A DotNet command line tool to create a vulnerability report from an applications *.deps.json file
This tool can be used to create a vulnerability report based on the binary deliveries, excluding all build time dependencies.
Unlike dotnet list package --vulnerable
it only works on the build output, not on the sources,
so it generates a reproducible result even when projects use e.g. floating package versions.
It's e.g. useful to create a snapshot of the know vulnerabilities at release time and then compare with the current state on a periodical base, so new vulnerabilities that come up later can be detected and customers can be informed to update the software if the vulnerability might affect the product.

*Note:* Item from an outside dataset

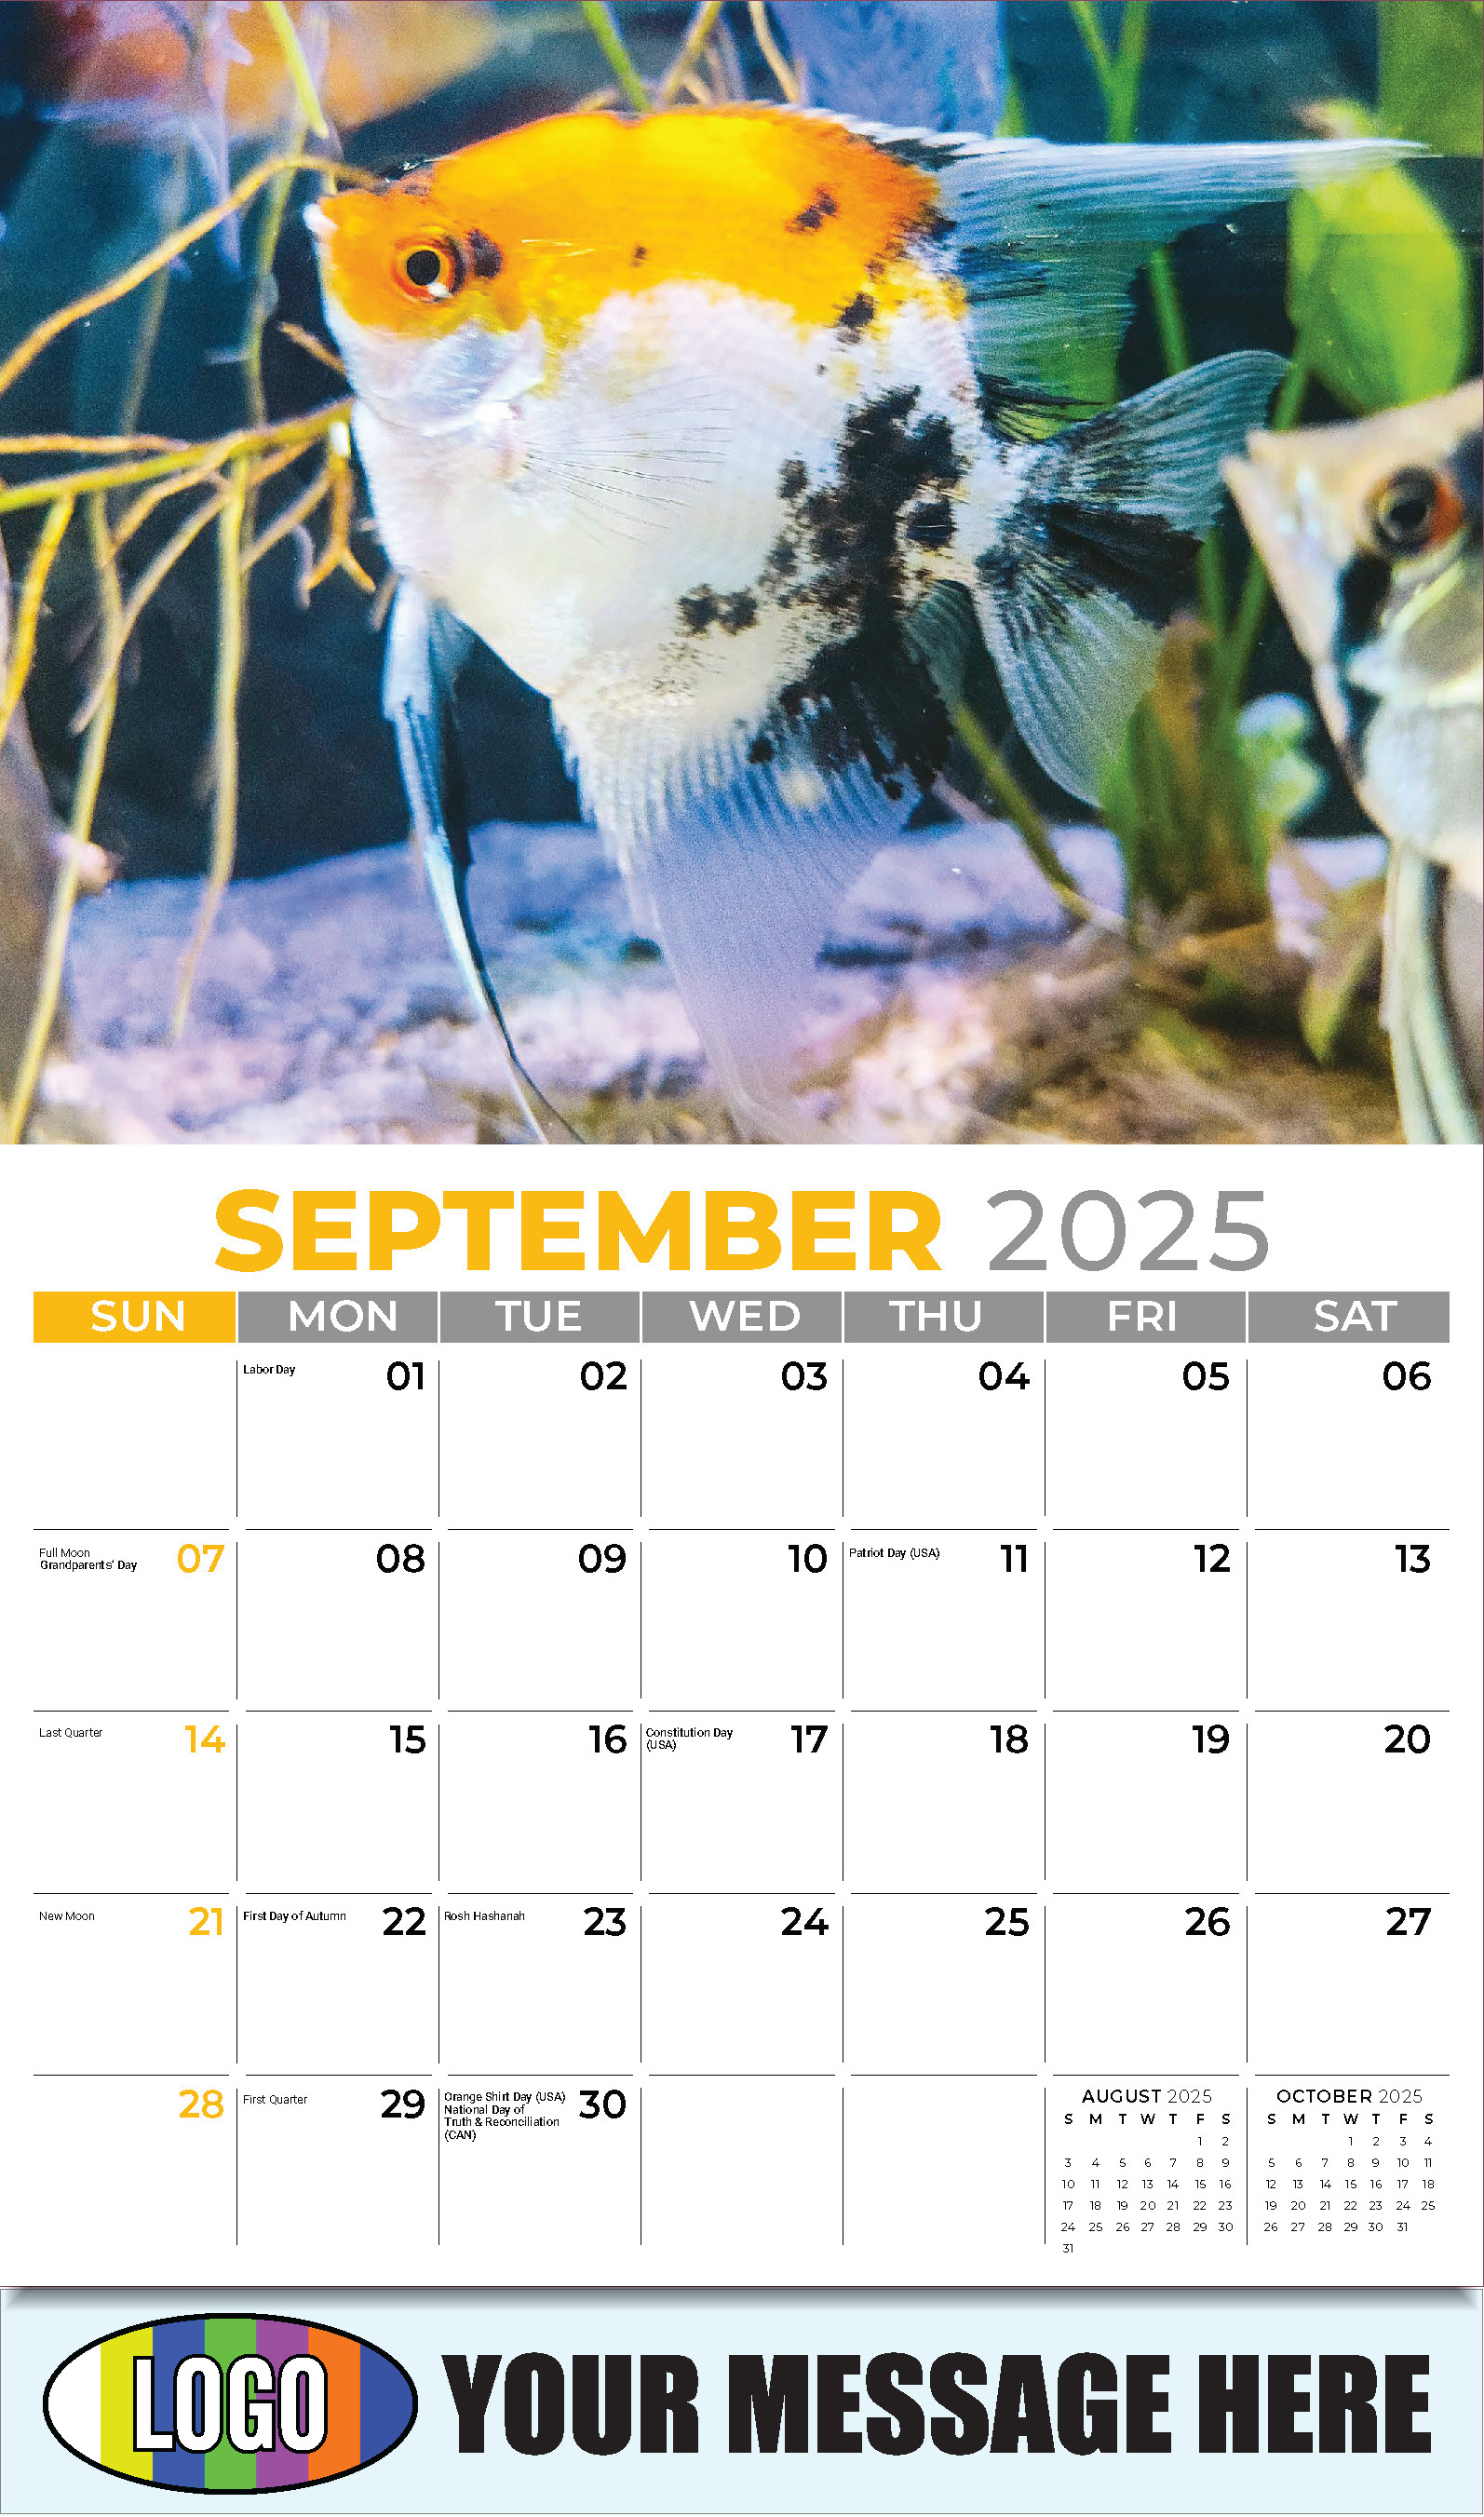 Pets 2025 Business Advertising Wall Calendar - September

dotnet tool install TomsToolbox.NugetAudit -g
NugetAudit [--package-source <String>] [--use-config] [--config-name <String>] [--help] [--version] file-or-directory
NugetAudit
Arguments:
0: file-or-directory Path to a dependency file or a directory with files '*.deps.json' (Default: .)
Options:
--package-source <String> The package source used to get the vulnerability info (Default: https://api.nuget.org/v3/index.json)

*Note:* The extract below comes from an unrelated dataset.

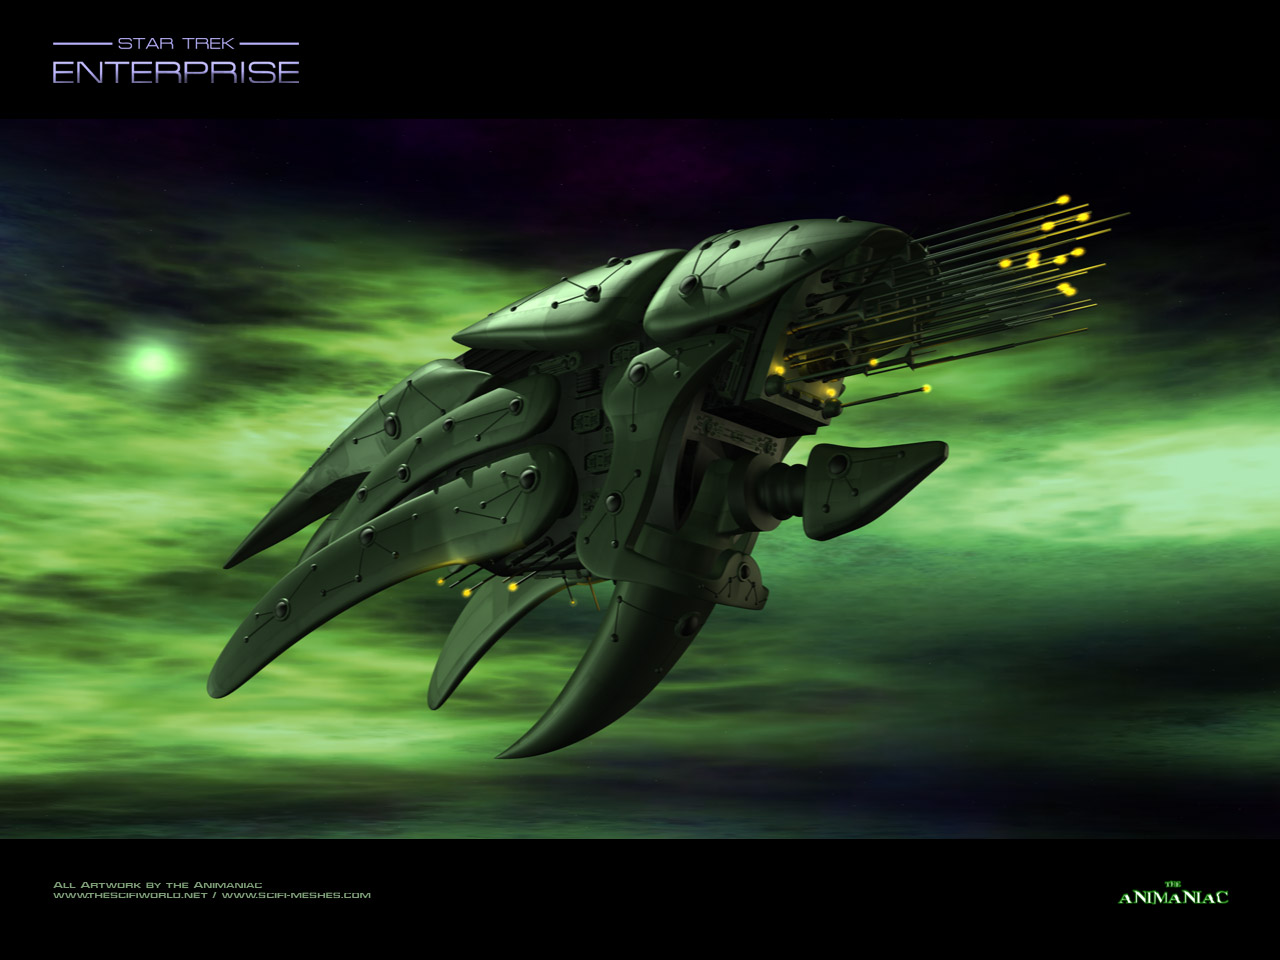 Romulan Warbird Original main body of the warbird

--use-config Ignore 'package-source' and read package source from nuget.config
--config-name <String> The name of the source, if 'use-config' is true
-h, --help Show help message
--version Show version
{
"reportVersion": 1,
"sourceRepository": "https://api.nuget.org/v3/index.json",
"packages": {
"Microsoft.IdentityModel.JsonWebTokens.6.32.2.0": {
"id": "Microsoft.IdentityModel.JsonWebTokens",
"version": "6.32.2.0",
"vulnerabilities": [
{
"severity": 1,
"advisoryUrl": "https://github.com/advisories/GHSA-8g9c-28fc-mcx2"
},
{
"severity": 1,
"advisoryUrl": "https://github.com/advisories/GHSA-59j7-ghrg-fj52"
}
]
},
"System.IdentityModel.Tokens.Jwt.6.32.2.0": {
"id": "System.IdentityModel.Tokens.Jwt",
"version": "6.32.2.0",
"vulnerabilities": [
{
"severity": 1,
"advisoryUrl": "https://github.com/advisories/GHSA-8g9c-28fc-mcx2"
},
{
"severity": 1,
"advisoryUrl": "https://github.com/advisories/GHSA-59j7-ghrg-fj52"
}
]
}
}
}
To be able to retrieve vulnerabilities, a source repository that supports the package metadata is needed, see e.g. Where do CVE/GHSA come from?.
This tool uses https://api.nuget.org/v3/index.json
by default, which supports the package metadata endpoint for vulnerabilities.
An alternate repository can be specified in the command line or via nuget.config Config file locations and uses.